EXERCISE INSTRUCTIONS
Your answer must be a word-for-word copy of the listing, with all pictures excluded.

DATA PROVIDED
========
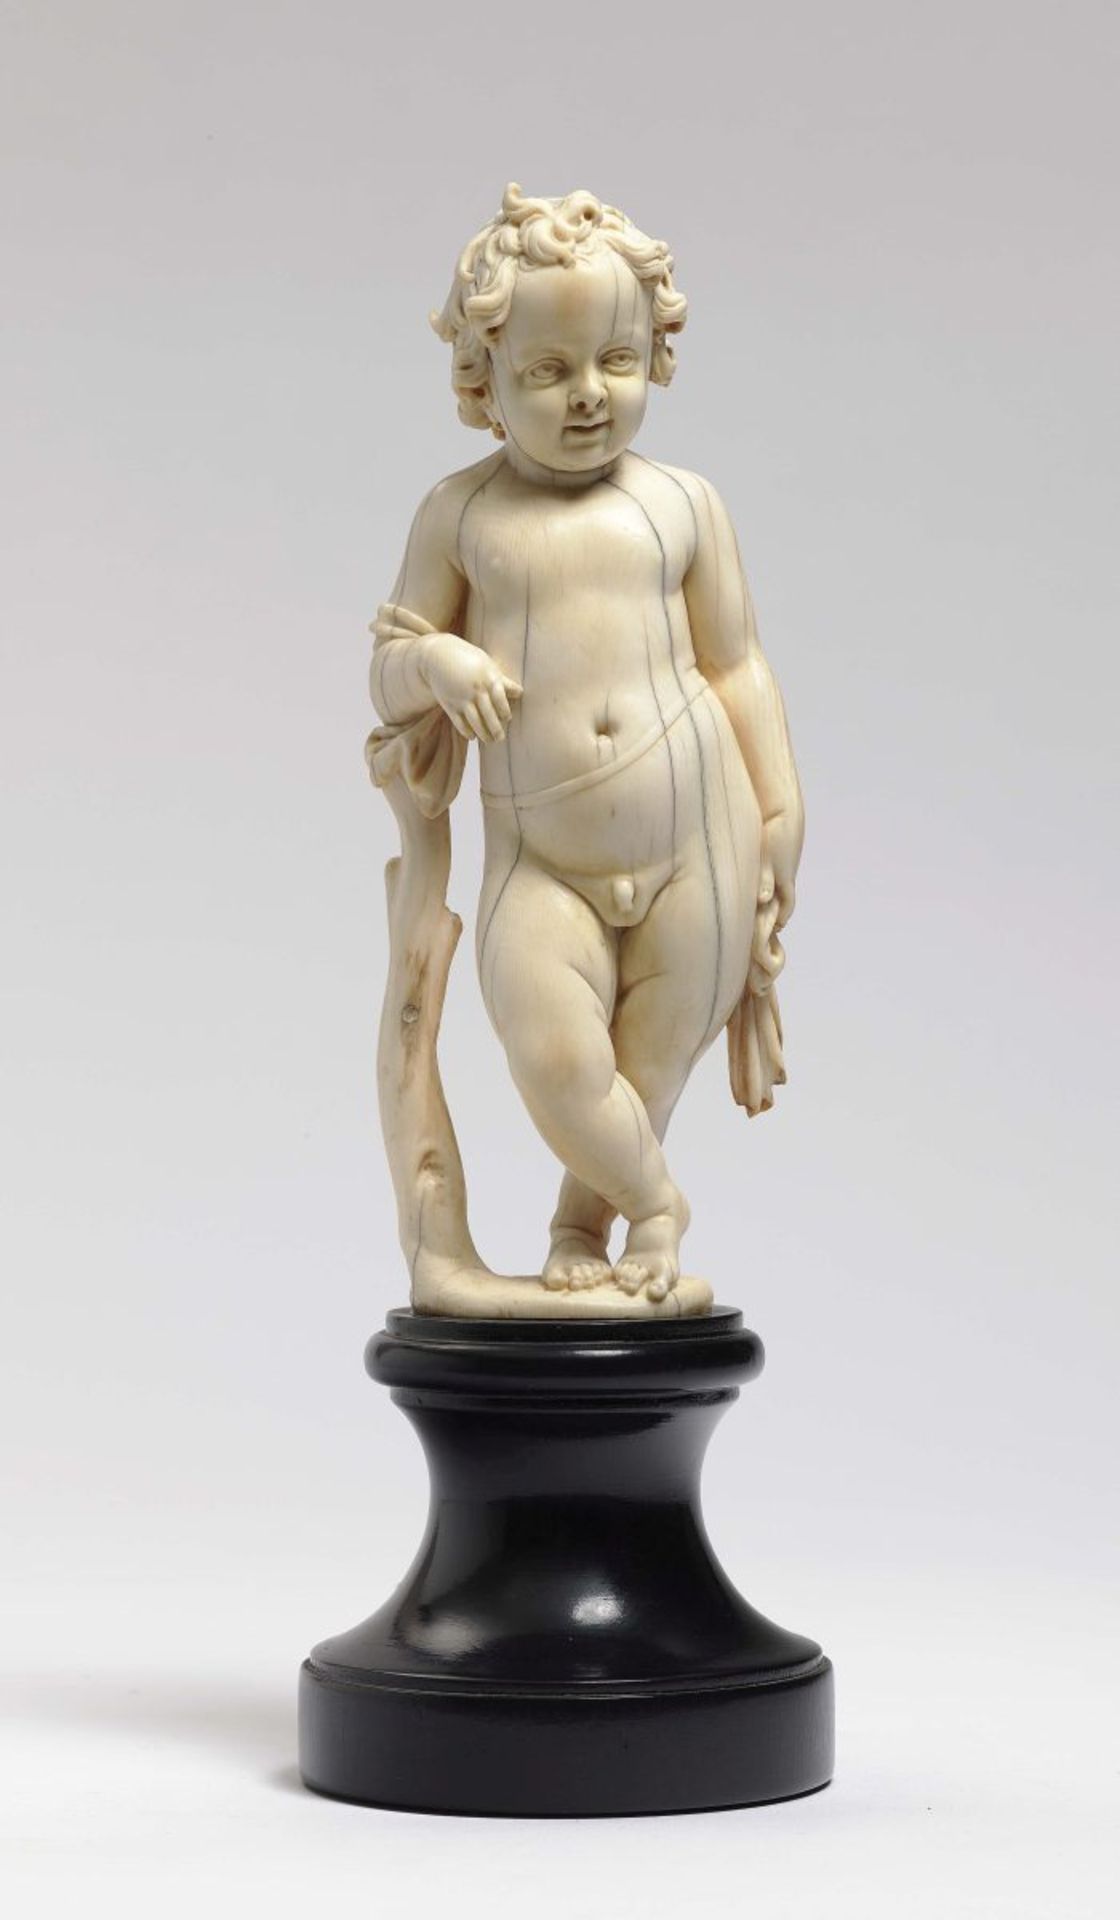 CupidFlemish, 16th Century Ivory, carved in full round. Wings missing. Height 17 cm.Angel,
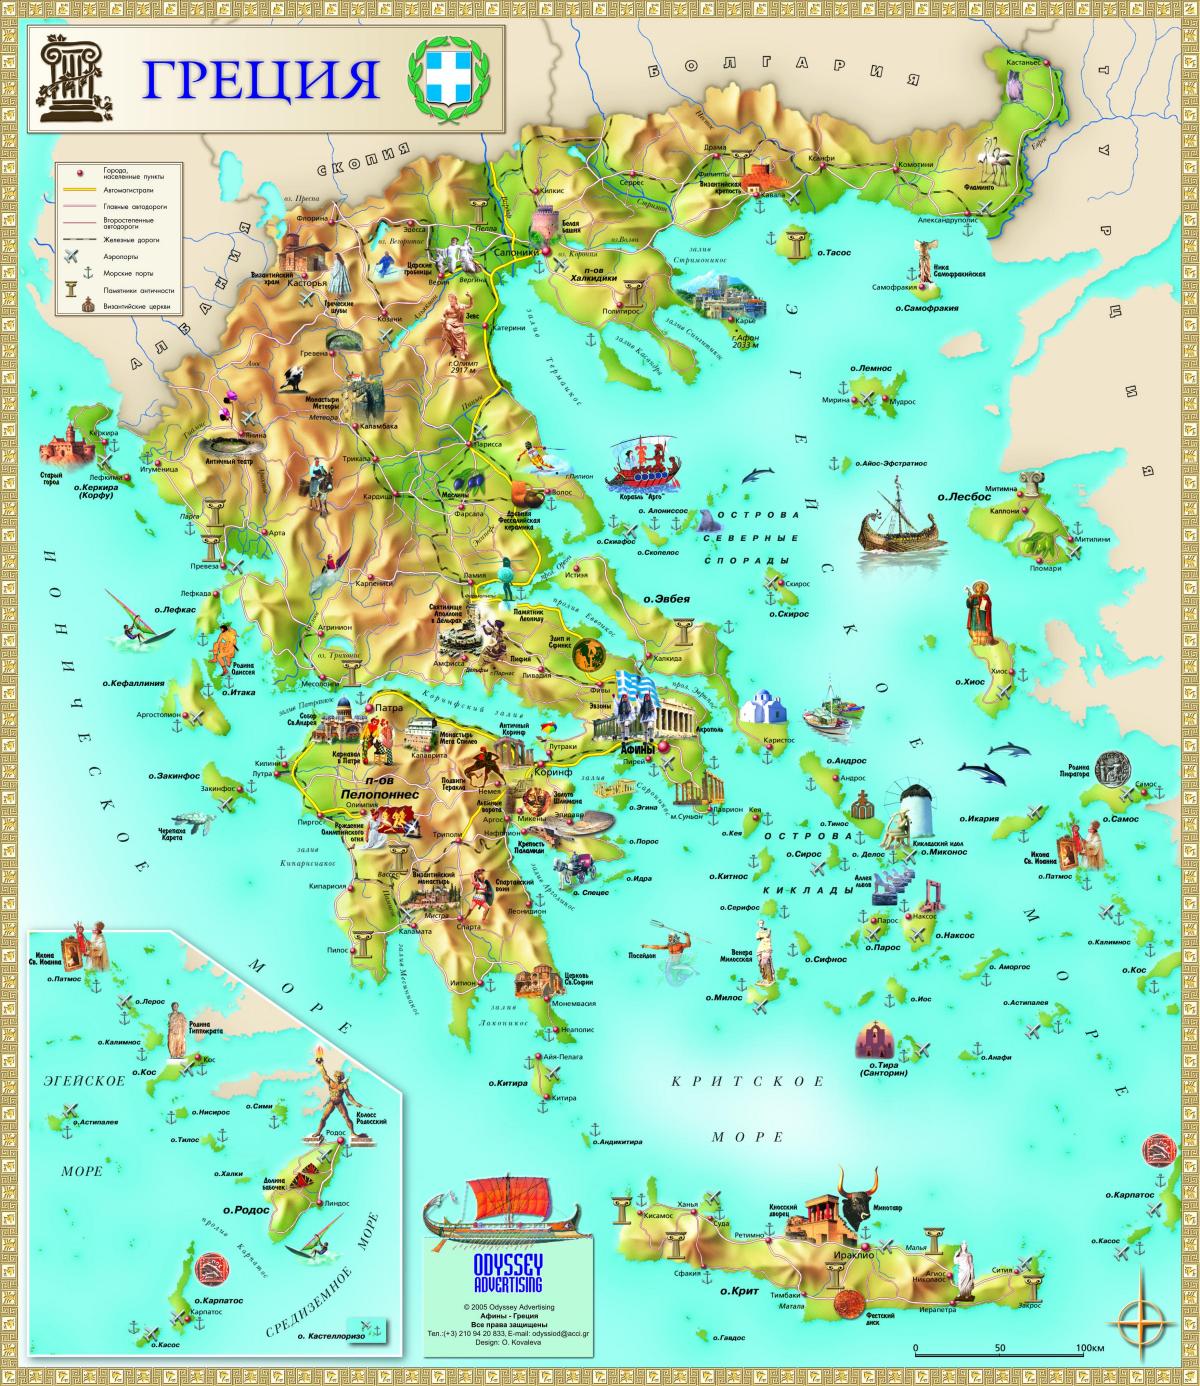 Greece tourist attractions map - Greece map tourist attractions ...
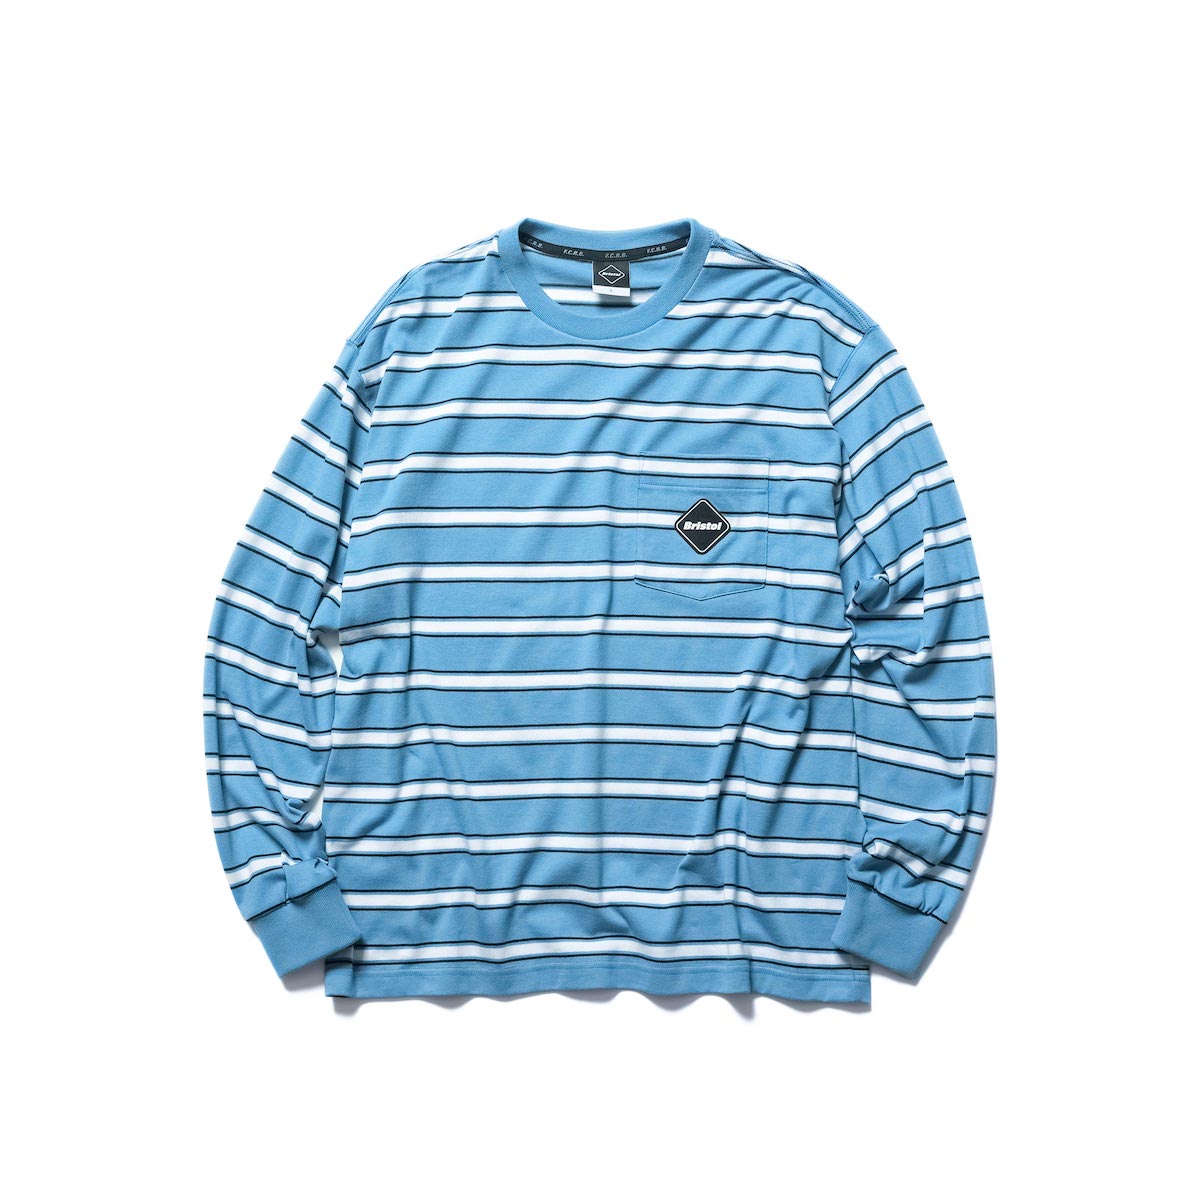 PALACE RIBBED FOR PLEASURE ボーダー柄 スウェット M
========
ANSWER BOX
 CupidFlemish, 16th Century Ivory, carved in full round. Wings missing. Height 17 cm.Angel,
 Greece tourist attractions map - Greece map tourist attractions ...
 PALACE RIBBED FOR PLEASURE ボーダー柄 スウェット M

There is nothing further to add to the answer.